In this study, four Transformer model variants and an LSTM model were employed for groundwater level estimation. Experimental results indicate that the Transformer model integrating a dynamic-static fusion perception mechanism and KFEA outperforms the traditional LSTM model, with R² improvements ranging from 16.7% to 18.3%. This performance advantage stems from the model’s ability to mitigate critical limitations of conventional time series estimation methods in groundwater prediction: unclear long-term dependency modeling, insufficient spatiotemporal information integration, and suboptimal key feature weighting.
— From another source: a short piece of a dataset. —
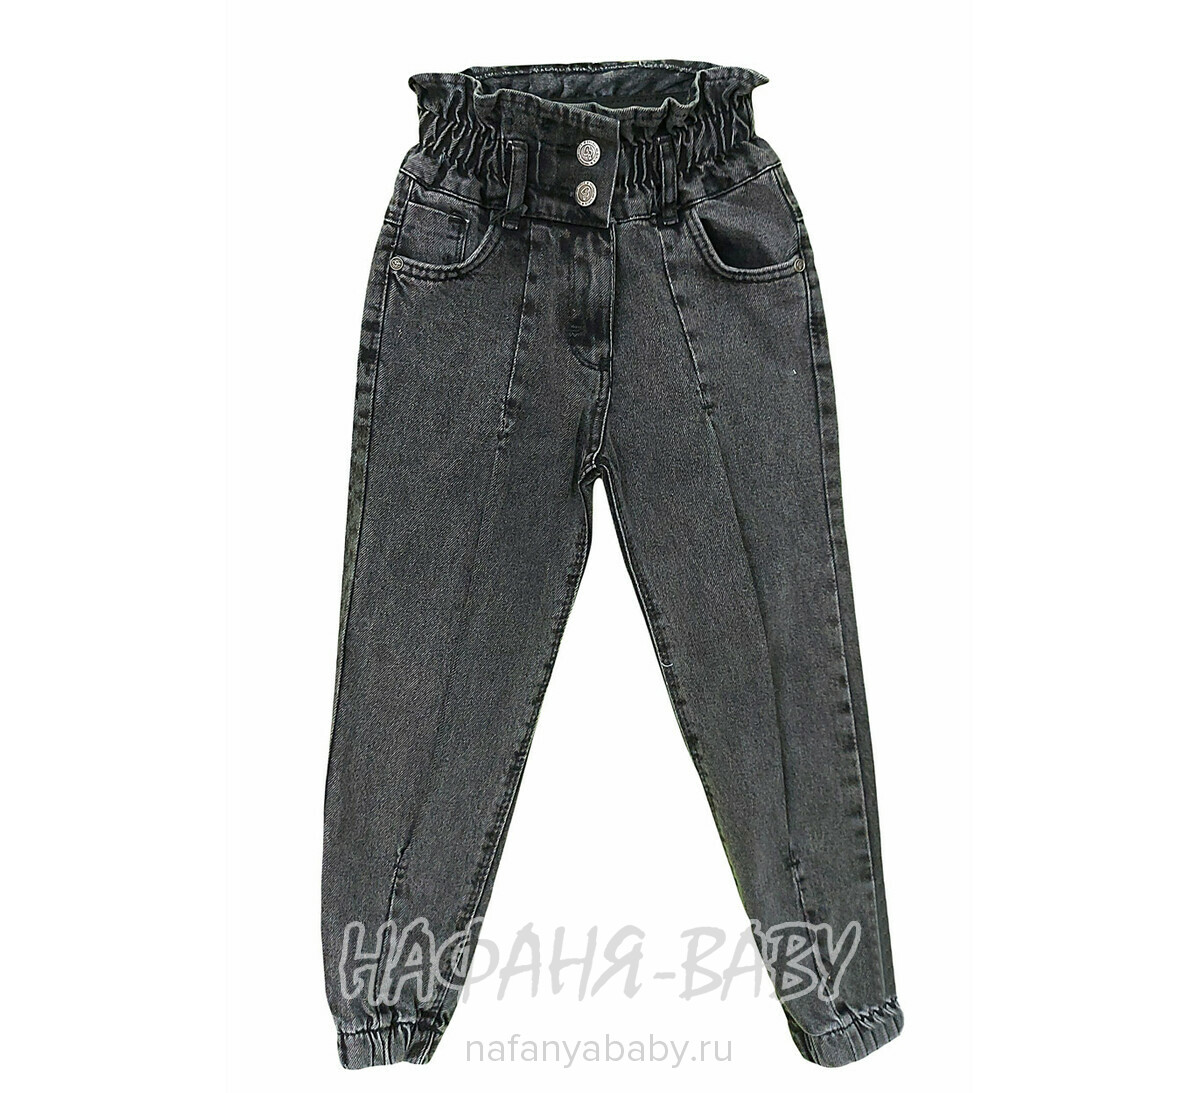 Джинсы YAVRUCAK Jeans арт: 7205 для девочки от 3 до 7 лет, цвет черный, оптом Турция

4.1. Application of Self-Attention Mechanism in Estimation

The Transformer model, by virtue of its unique self-attention mechanism, enables direct modeling of temporal dependencies over arbitrary distances. Through this global dependency modeling framework, it significantly mitigates the issue of ambiguous long-term dependencies in traditional LSTM/GRU models, which arises from gradient vanishing in long time series sequences. This advantage is corroborated by numerous studies. For instance, Azad Deihim [] applied the Transformer encoder to capture latent spatiotemporal dependencies in multivariate time series for Beijing PM2.5 prediction and metro interstate traffic volume forecasting, demonstrating a 20.6% reduction in RMSE compared to LSTM, which aligns with our findings. Siying Zhu [] leveraged the Transformer’s attention mechanism to resolve long-term trends in meteorological datasets, incorporating a time series clustering framework for unsupervised learning. In meteorological applications, this approach yielded a 13.6% reduction in MAE relative to DLinear, further validating the Transformer’s superiority in capturing temporal dynamics. These results highlight the potential of Transformer models in resolving long-term temporal variations in groundwater levels, offering promising prospects for enhancing estimation accuracy and interpretability in hydrological modeling.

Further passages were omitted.